§ Task description: Set the data down again, exactly as it reads, but without the pictures.

§ Data provided:
***
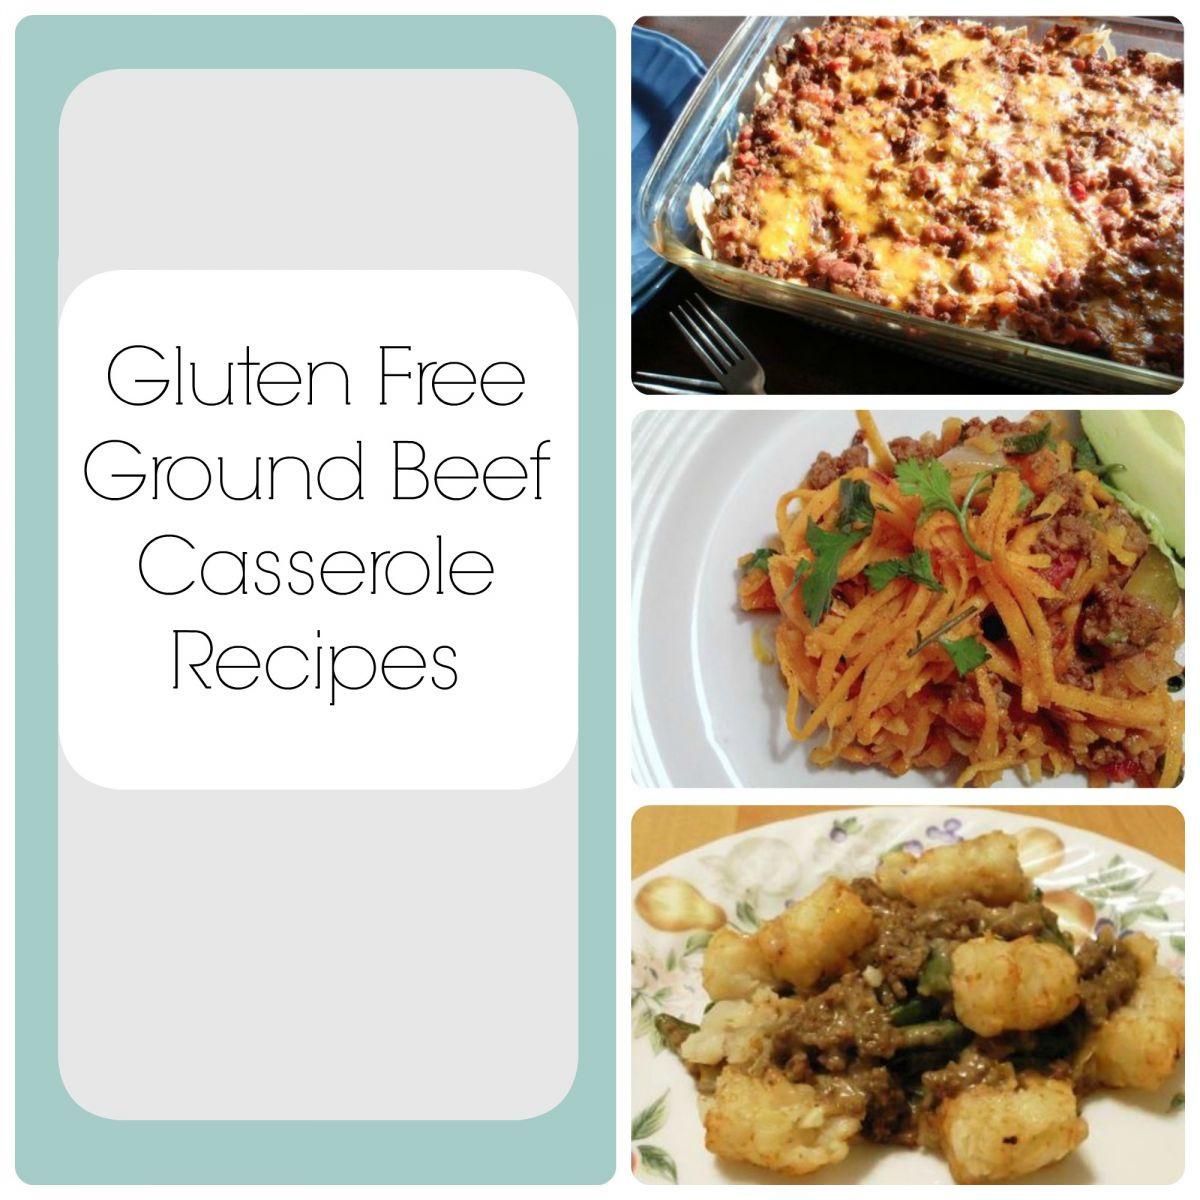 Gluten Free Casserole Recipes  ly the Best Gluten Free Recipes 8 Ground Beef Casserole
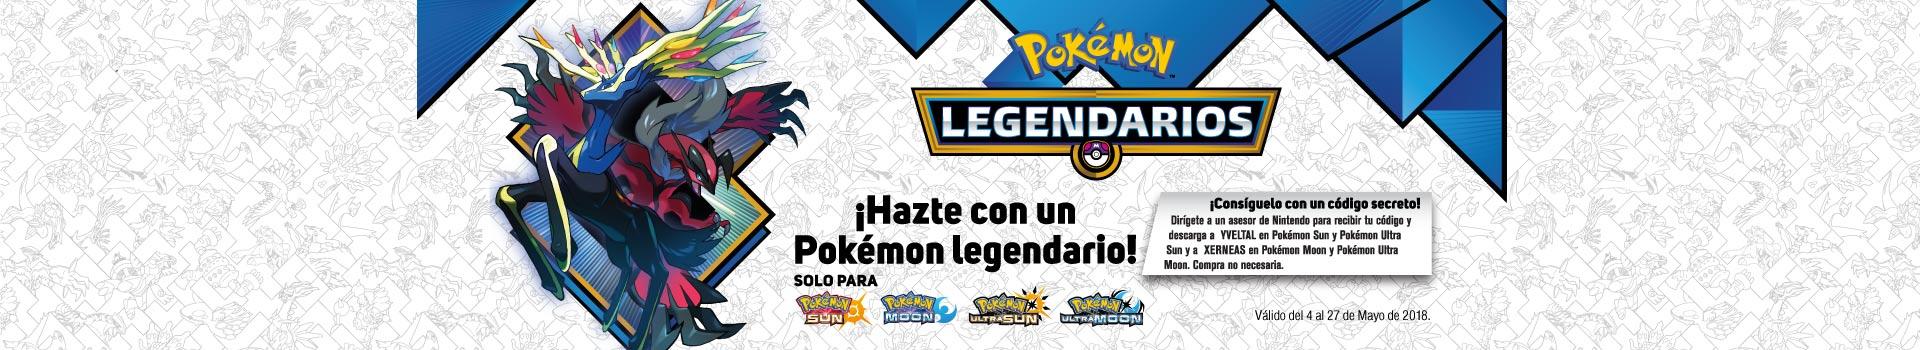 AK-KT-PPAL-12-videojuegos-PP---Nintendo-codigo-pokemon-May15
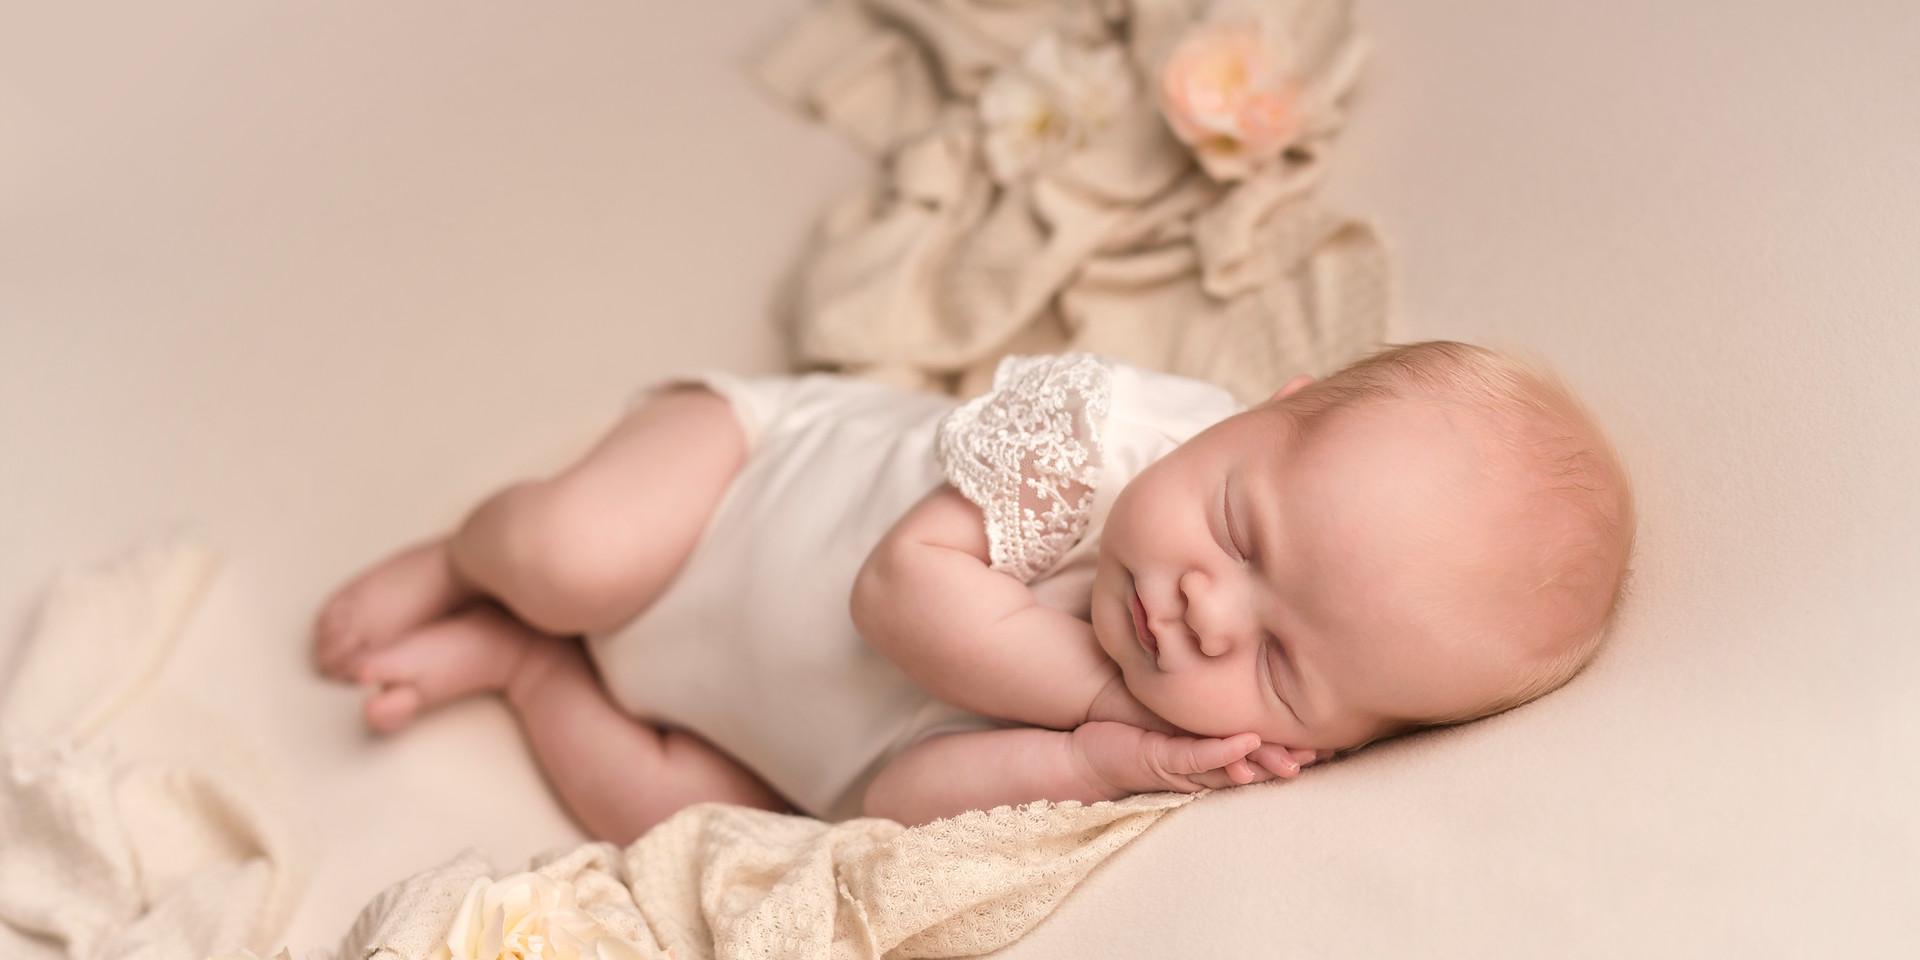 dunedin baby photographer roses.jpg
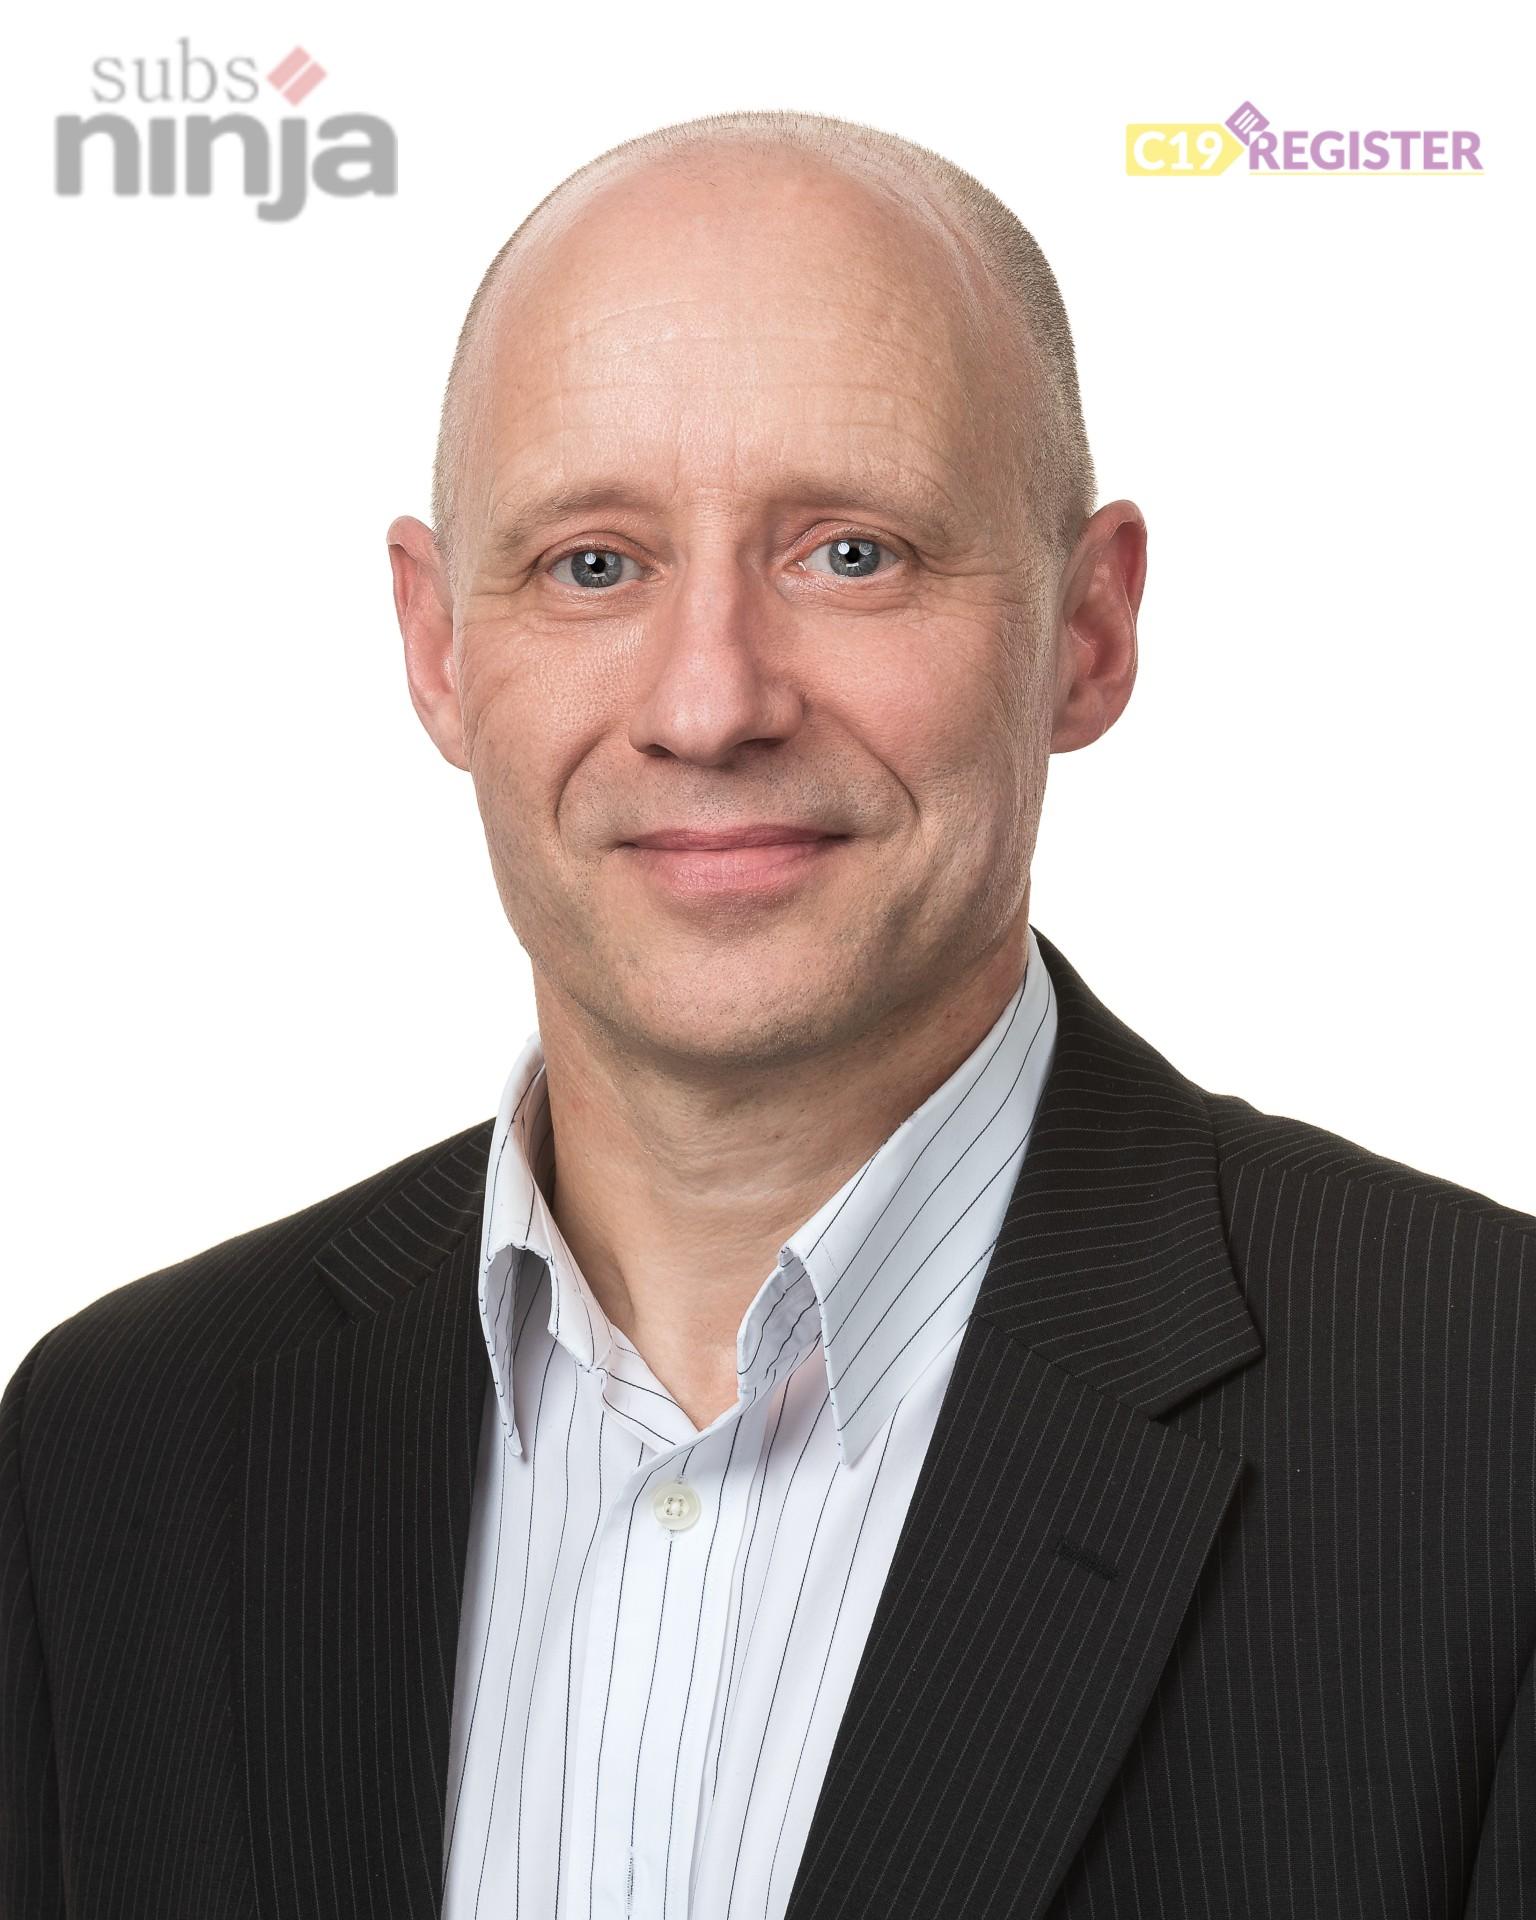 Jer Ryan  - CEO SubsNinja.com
***
§ Answer:
 Gluten Free Casserole Recipes  ly the Best Gluten Free Recipes 8 Ground Beef Casserole
 AK-KT-PPAL-12-videojuegos-PP---Nintendo-codigo-pokemon-May15
 dunedin baby photographer roses.jpg
 Jer Ryan  - CEO SubsNinja.com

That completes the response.